Les enjeux deviennent extrêmement élevés pour une crue de référence, du niveau de la crue historique de 1910 à Paris (crue d’occurrence centennale à tri-centennale). Dans ce scénario, ce sont près de 777.000 habitants et 385.600 logements (dont 64.400 logements individuels) qui sont recensés avec un impact très fort dans les communes du cœur d’agglomération (près de la moitié de l’exposition) mais aussi dans l’hypercentre, avec une inondation potentielle des berges de Seine dans les arrondissements périphériques parisiens.

Pour le scénario maximal étudié, supérieur de 15% au débit de la crue de 1910 et qui voit une part importante du système de protection des digues et murettes parisiennes également submergé, la situation est encore aggravée, avec plus de 343.000 habitants supplémentaires touchés soit 1,12 million, répartis à 82,2% sur l’axe Seine (921.000 habitants, 476.000 logements) et 15,4% (172.000 habitants, 84.000 logements) sur l’axe Marne.

Impacts sur les équipements et les réseaux

"Dans le cas de crues importantes ou majeures, de nombreux équipements et réseaux critiques localisés en bordure de la Seine, de la Marne ou de l’Oise seront impactés, directement ou indirectement : postes sources électriques, usines de production d’eau potable, installations de traitement des déchets ou des eaux usées, installations de stockage d’hydrocarbures, data centers...", met en garde l'IPR. L’arrêt ou le dysfonctionnement de ces installations (absence d’électricité, de chauffage, d’assainissement, d’approvisionnement en eau potable…) pourrait dégrader fortement les conditions de vie de plusieurs dizaines, voire centaines de milliers d’habitants supplémentaires, mais aussi fragiliser la continuité d’activité des services publics de proximité (établissements de santé ou sociaux), qui jouent un rôle essentiel en tant que soutien aux populations en période de crise, et pour la poursuite des activités économiques. 

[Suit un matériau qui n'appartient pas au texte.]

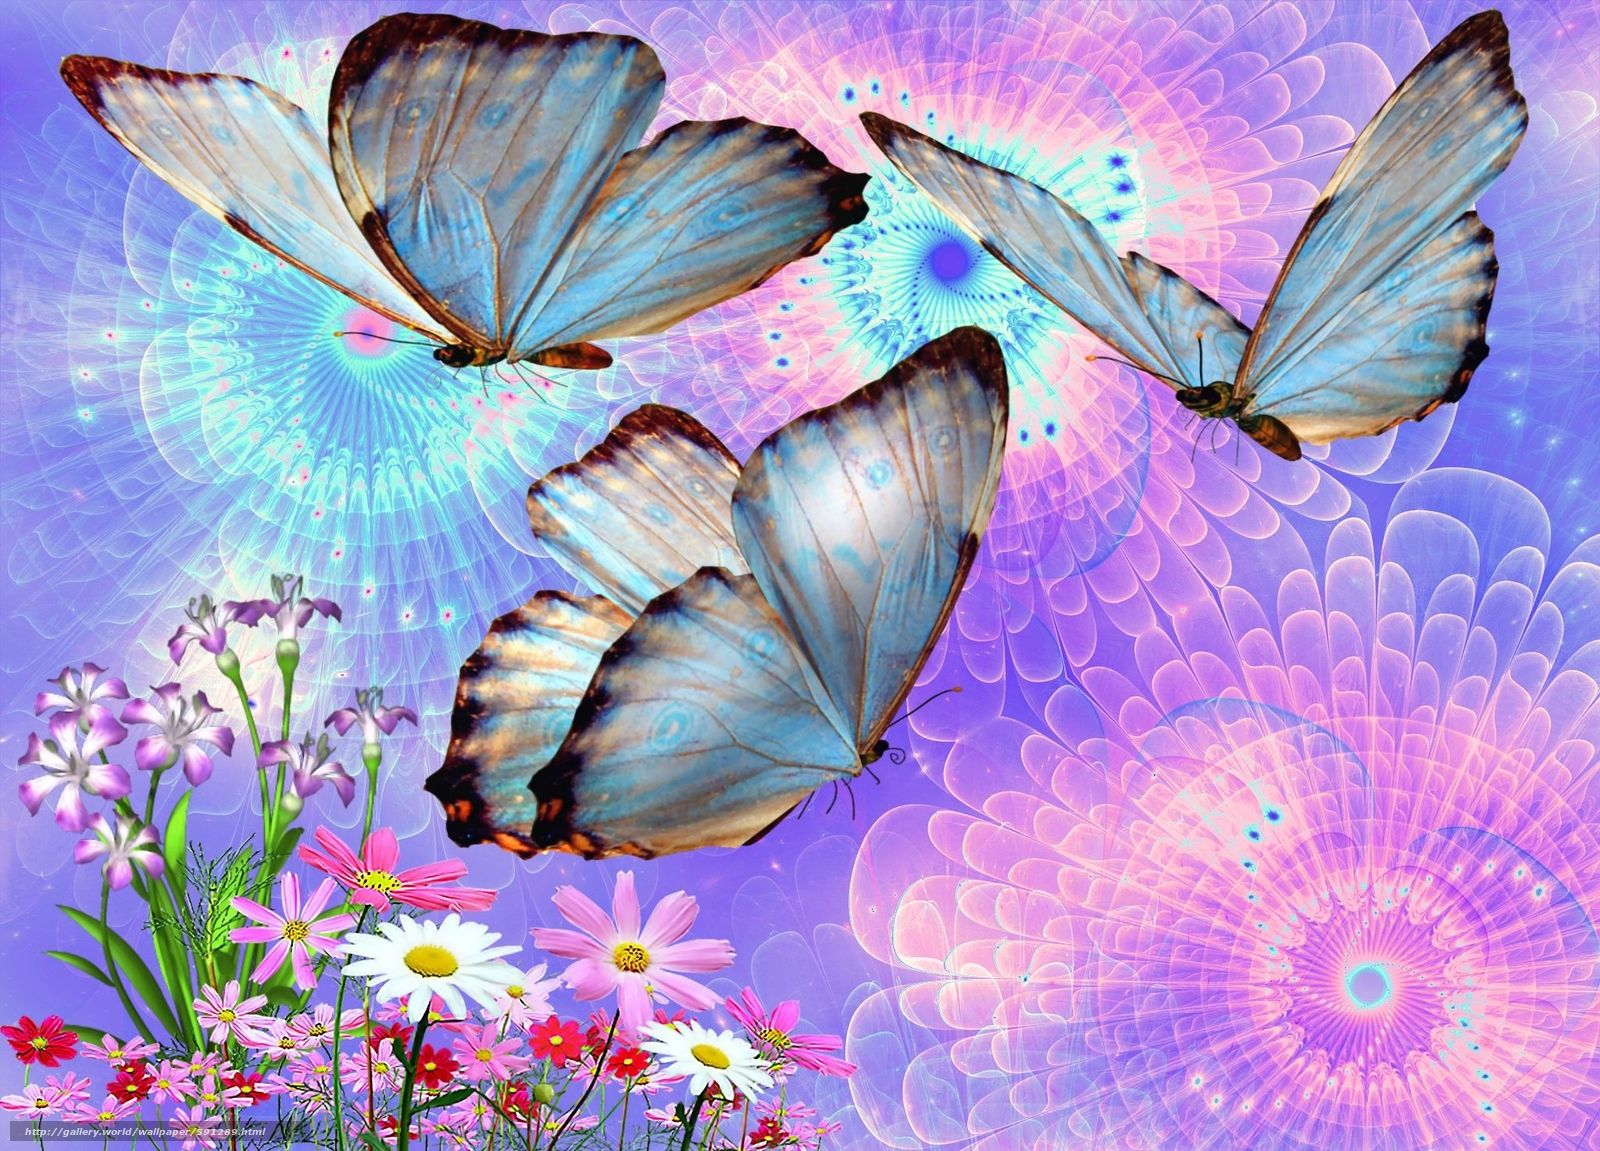 Fondos De Escritorio Gratis: Descargar Gratis Mariposas, Flores, 3d, Arte Fondos De

"Ces fragilités de réseaux (…) se traduisent par des impacts très majorants dès les scénarios de crue d’occurrence cinquantennale, souligne l'étude. Aux 159.000 habitants potentiellement exposés en zones inondables s’ajoutent plus de 474.000 habitants impactés par des zones de fragilité, qui se concentrent dans le cœur d’agglomération (217.000 habitants, 45,7%) et dans les secteurs périurbains de la couronne d’agglomération (144.600, 30,6%). Au total, près de 5,1% de la population régionale (633.000 habitants) est impactée directement ou indirectement dans ce scénario de crue.

Les enjeux deviennent "extrêmement élevés" pour une crue de référence, du niveau de la crue historique de 1910 à Paris (crue d’occurrence centennale à tri-centennale). Dans ce scénario, ce sont près de 938.000 habitants qui sont recensés dans les zones de fragilité de réseaux, avec un impact très fort dans les communes du cœur d’agglomération (352.000 habitants, 37,5%), mais aussi dans l’hypercentre (305.000, 32,0%). Avec les 777.000 habitants en zones inondables, la population régionale est exposée au total à hauteur de 13,8% (1.715.000 habitants).

Pour le scénario maximal étudié, supérieur de 15% au débit de la crue de 1910 et qui voit une part importante du système de protection des digues et murettes parisiennes également submergé, la situation est encore aggravée, avec plus de 300.000 habitants supplémentaires dépassant le seuil du million (1,24 million). La zone centrale (hypercentre et cœur d’agglomération) concentre près des trois quarts (857.000 habitants) de la population en zones de fragilité. L’impact cumulé des habitants en zones inondables et en zones de fragilité approche les 2,36 millions d’habitants (19,0% de la population régionale).